Exercise: The listing is to be returned word for word, without its images.

Data extract:
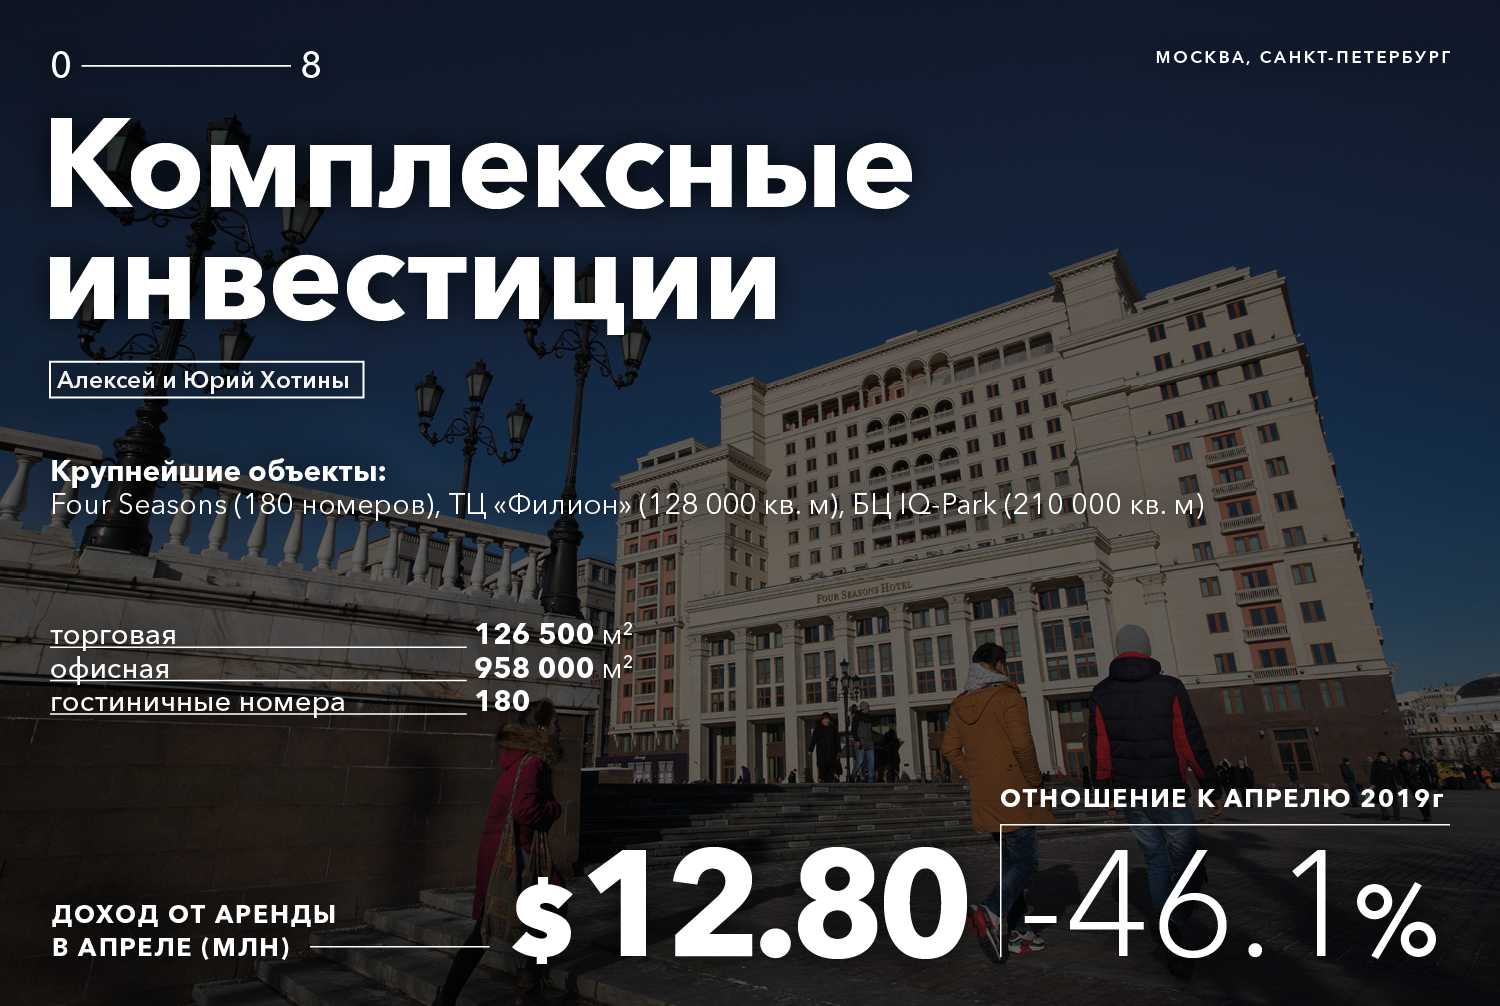 Сколько потеряли из-за пандемии короли российской недвижимости
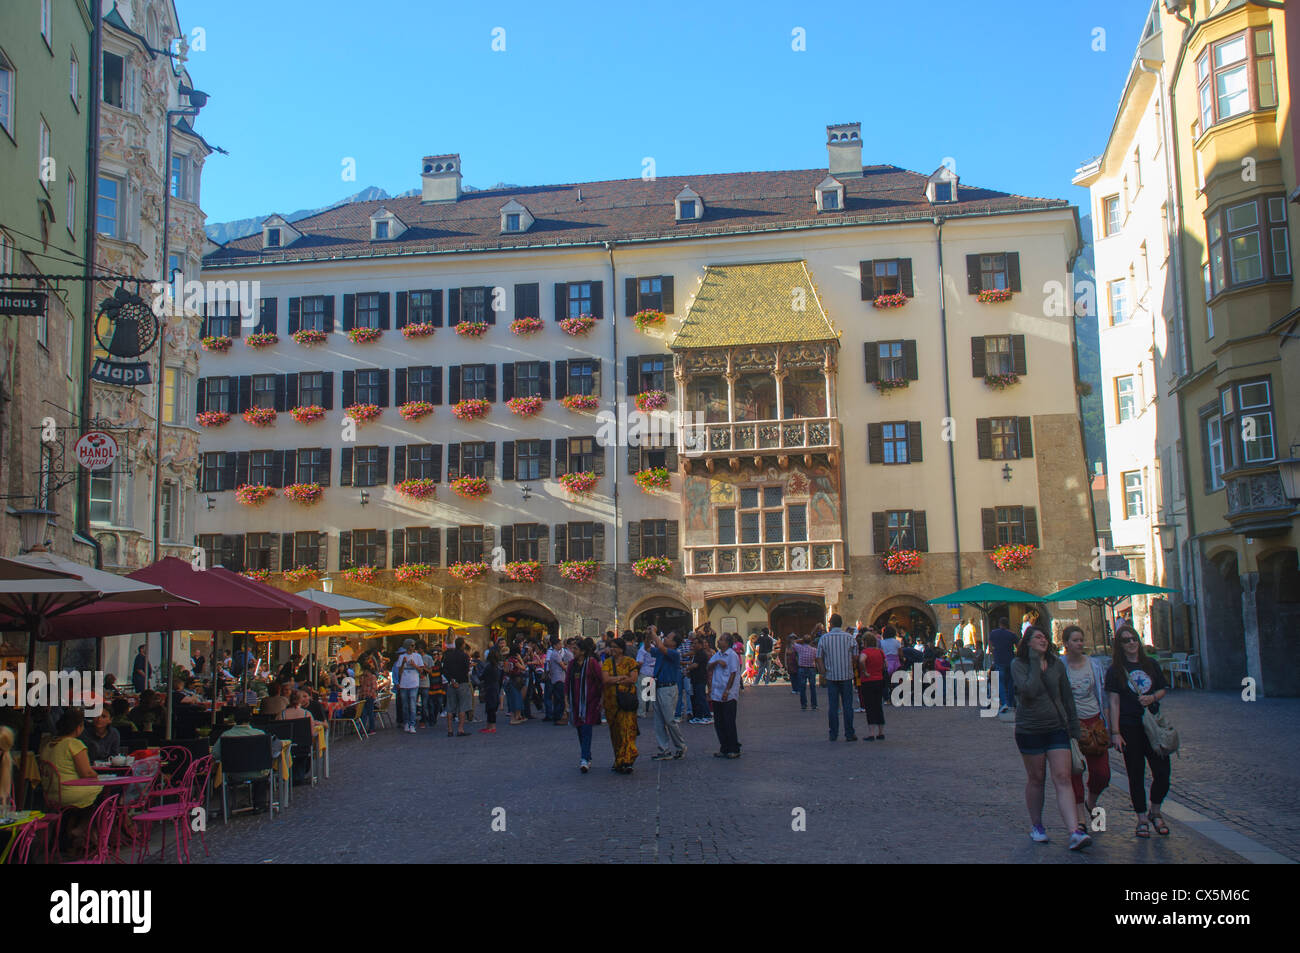 Austria, Innsbruck old city Herzog-Friedrich Strasse Stock Photo
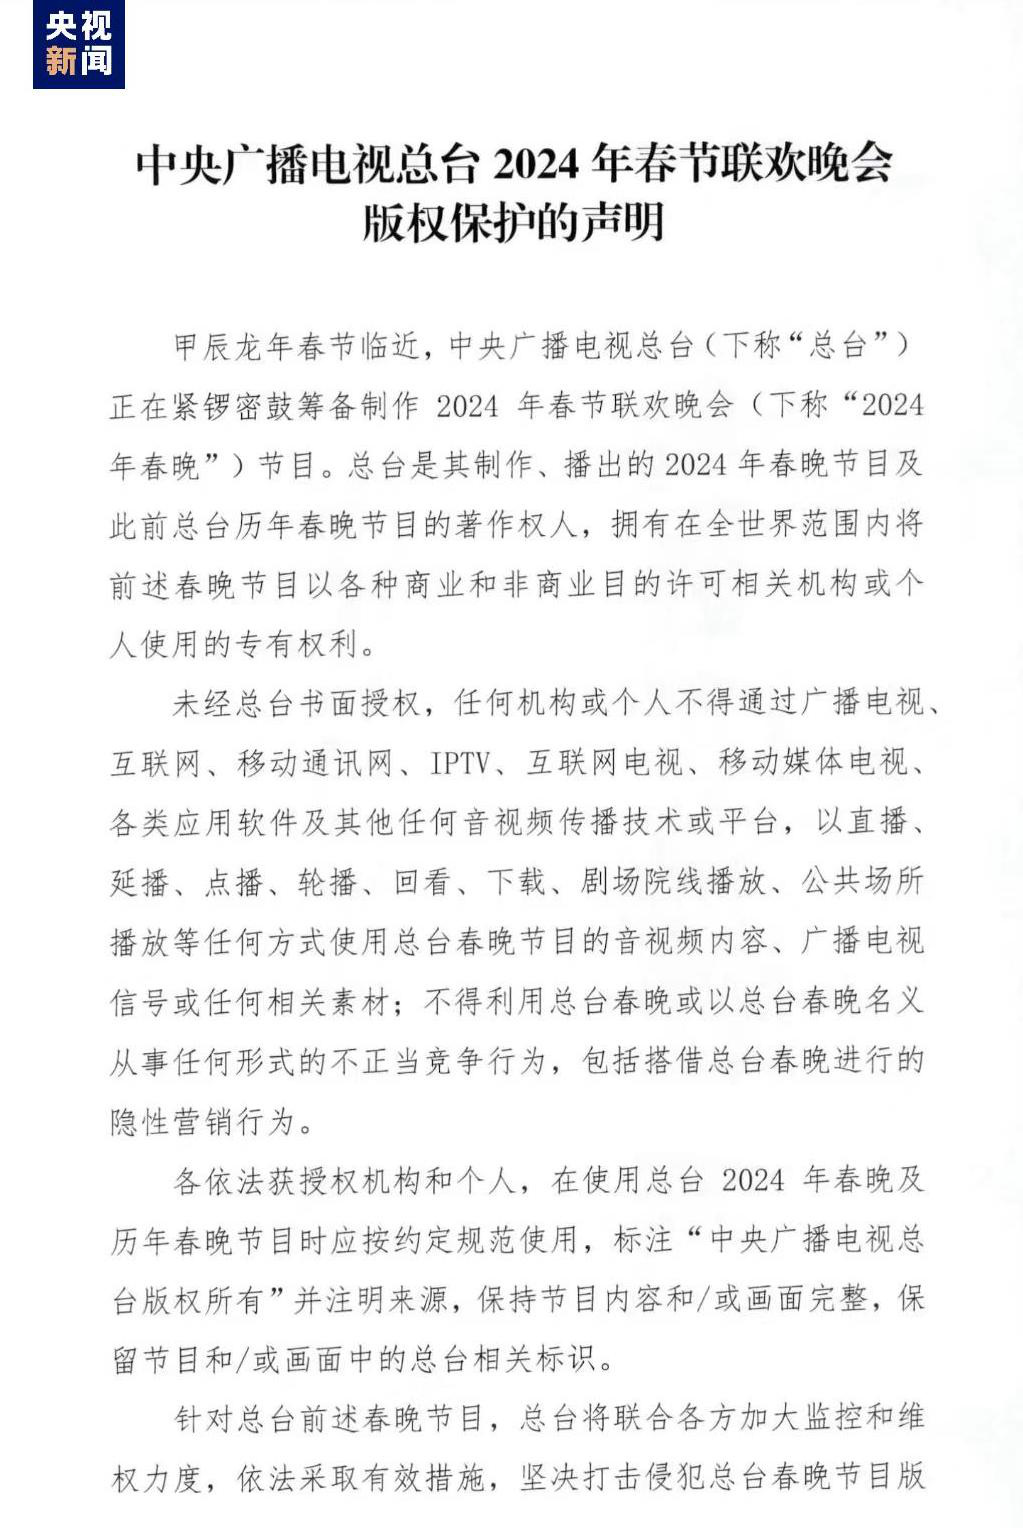 中央广播电视总台2024年春节联欢晚会版权声明

Response area:
 Сколько потеряли из-за пандемии короли российской недвижимости
 Austria, Innsbruck old city Herzog-Friedrich Strasse Stock Photo
 中央广播电视总台2024年春节联欢晚会版权声明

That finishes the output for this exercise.